Personal information
- Born: 21 November 1998 (age 27) Esperance, WA
- Original team: Subiaco (WAFL)
- Draft: No. 32, 2017 national draft
- Debut: Round 8, 2018, West Coast vs. GWS Giants, at Spotless Stadium
- Height: 184 cm (6 ft 0 in)
- Weight: 80 kg (176 lb)
- Position: Midfielder

Playing career^{1}
- Years: Club / Games (Goals)
- 2018–2022: West Coast / 15 (4)
- ^{1} Playing statistics correct to the end of 2022.

= Brayden Ainsworth =

Australian rules footballer (born 1998)

Brayden Ainsworth (born 21 November 1998) is a professional Australian rules footballer who formerly played for the West Coast Eagles in the Australian Football League (AFL). He is a midfielder. Ainsworth made his debut in Round 8 of the 2018 season against the Greater Western Sydney Giants at Spotless Stadium.

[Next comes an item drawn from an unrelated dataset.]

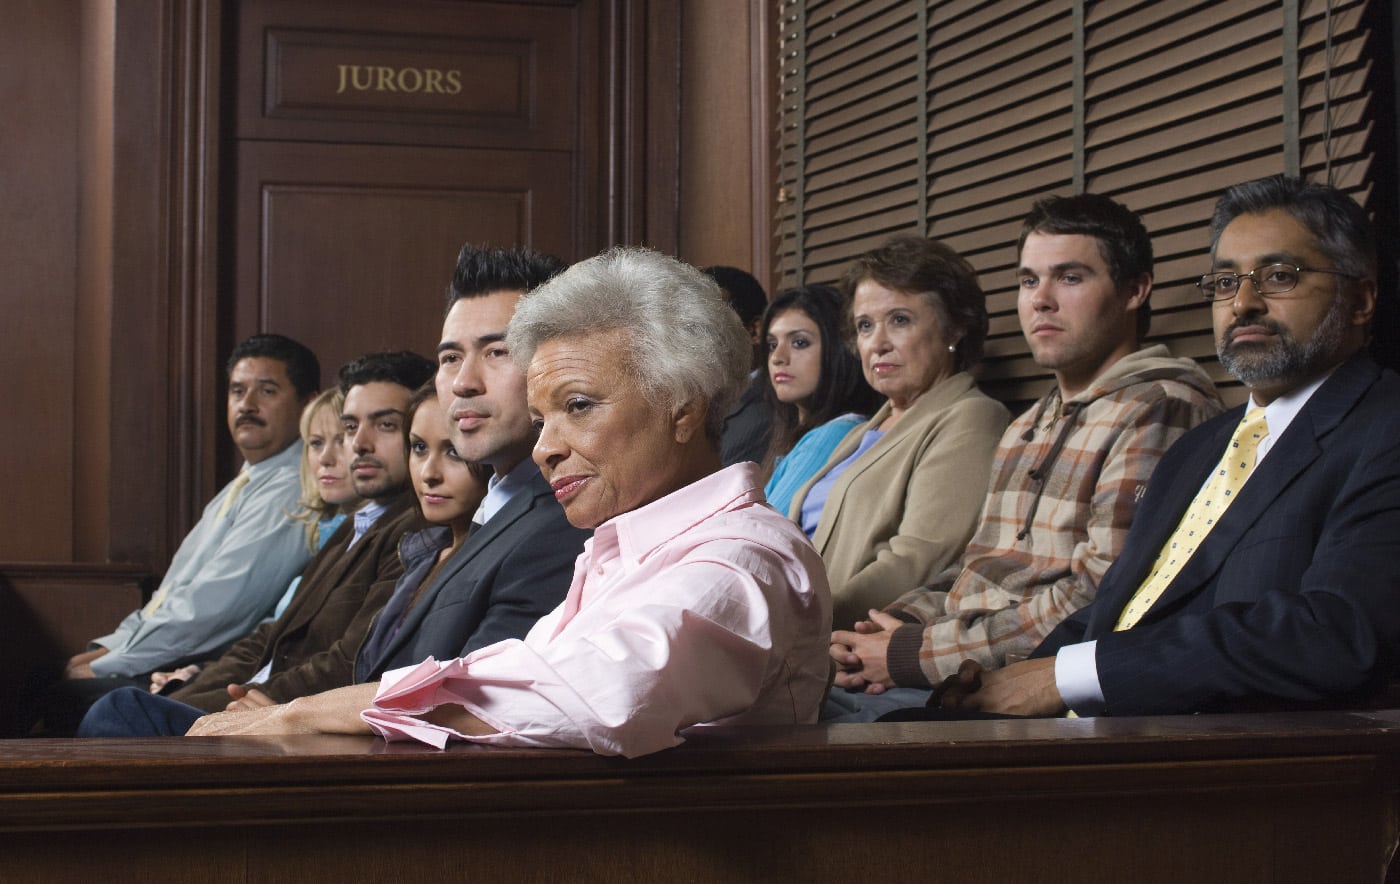 FAQ: FREQUENTLY ASKED QUESTIONS ABOUT JURY RESEARCH
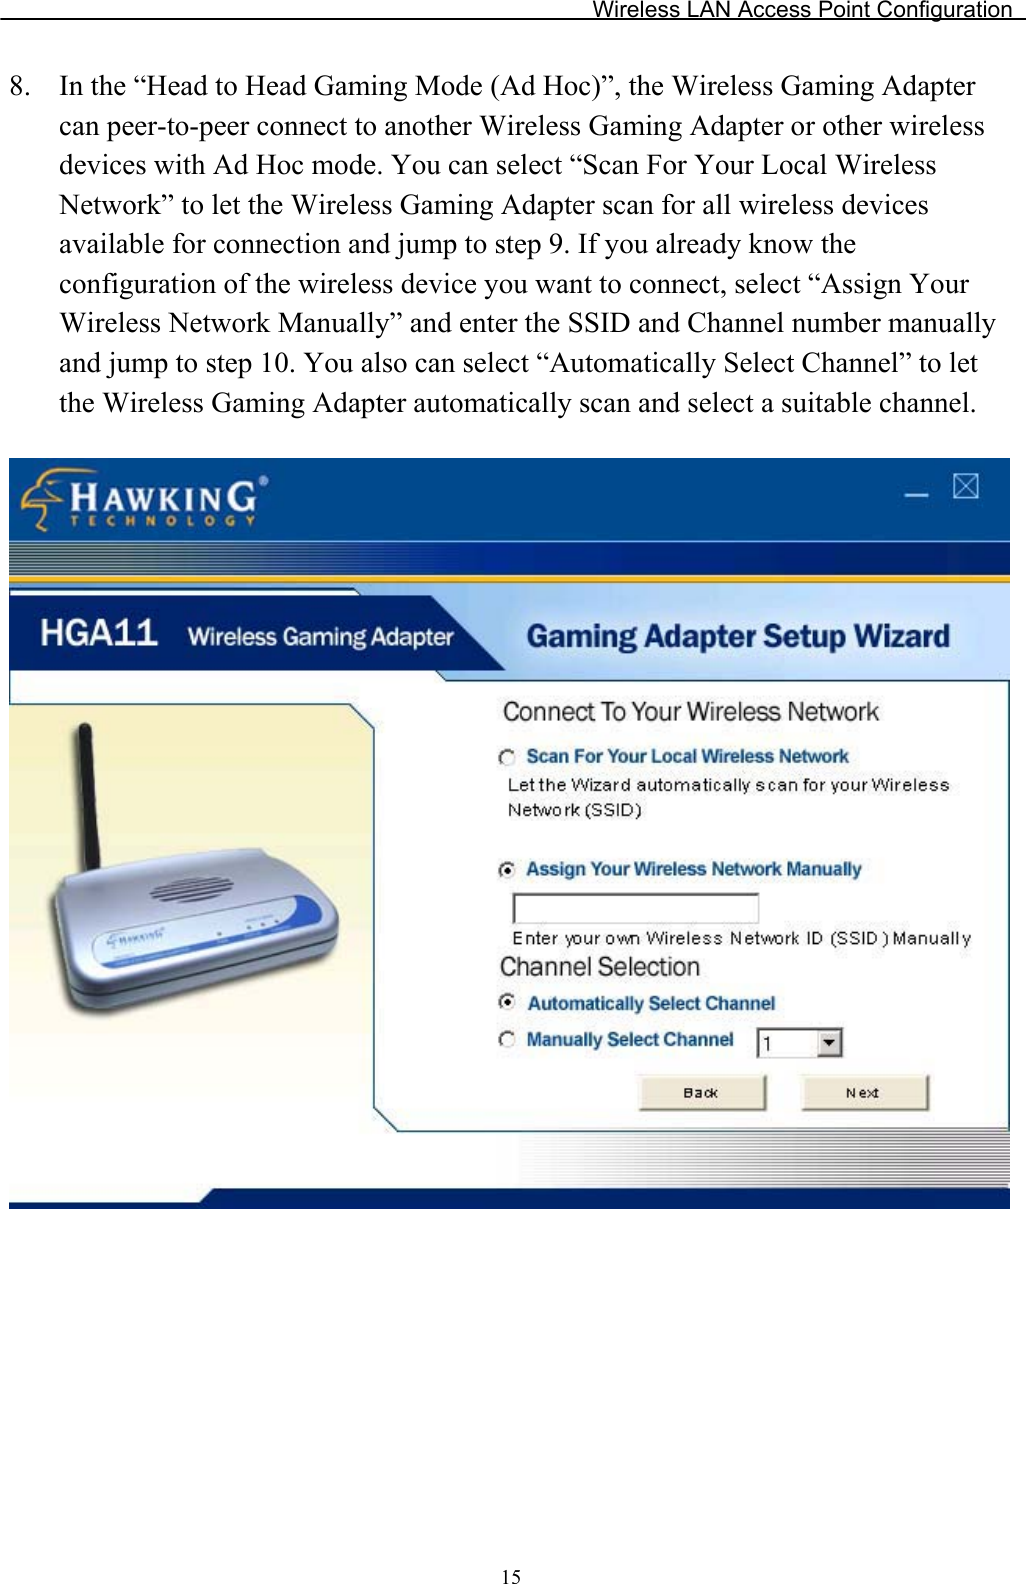 Wireless LAN Access Point Configuration 8. In the “Head to Head Gaming Mode (Ad Hoc)”, the Wireless Gaming Adapter can peer-to-peer connect to another Wireless Gaming Adapter or other wireless devices with Ad Hoc mode. You can select “Scan For Your Local Wireless Network” to let the Wireless Gaming Adapter scan for all wireless devices available for connection and jump to step 9. If you already know the configuration of the wireless device you want to connect, select “Assign Your Wireless Network Manually” and enter the SSID and Channel number manuallyand jump to step 10. You also can select “Automatically Select Channel” to let the Wireless Gaming Adapter automatically scan and select a suitable channel. 15

Originally from Esperance, Ainsworth played for local club Ports Football Club at 16 before joining WAFL club Subiaco. He won a premiership with their reserves team in 2017. He played for WA in the 2017 U18 Championships, averaging 6.5 clearances. He was drafted by West Coast with pick 32, and wears number 33.

In May 2018, Ainsworth signed a two-year contract with West Coast, tying him to the club until 2020.

Ainsworth was delisted at the end of the Eagles' 2021 season after playing only two games for the year. Shortly after his delisting, his AFL career was resurrected after being placed on the Eagles' COVID contingency list given the wave of cases in Western Australia.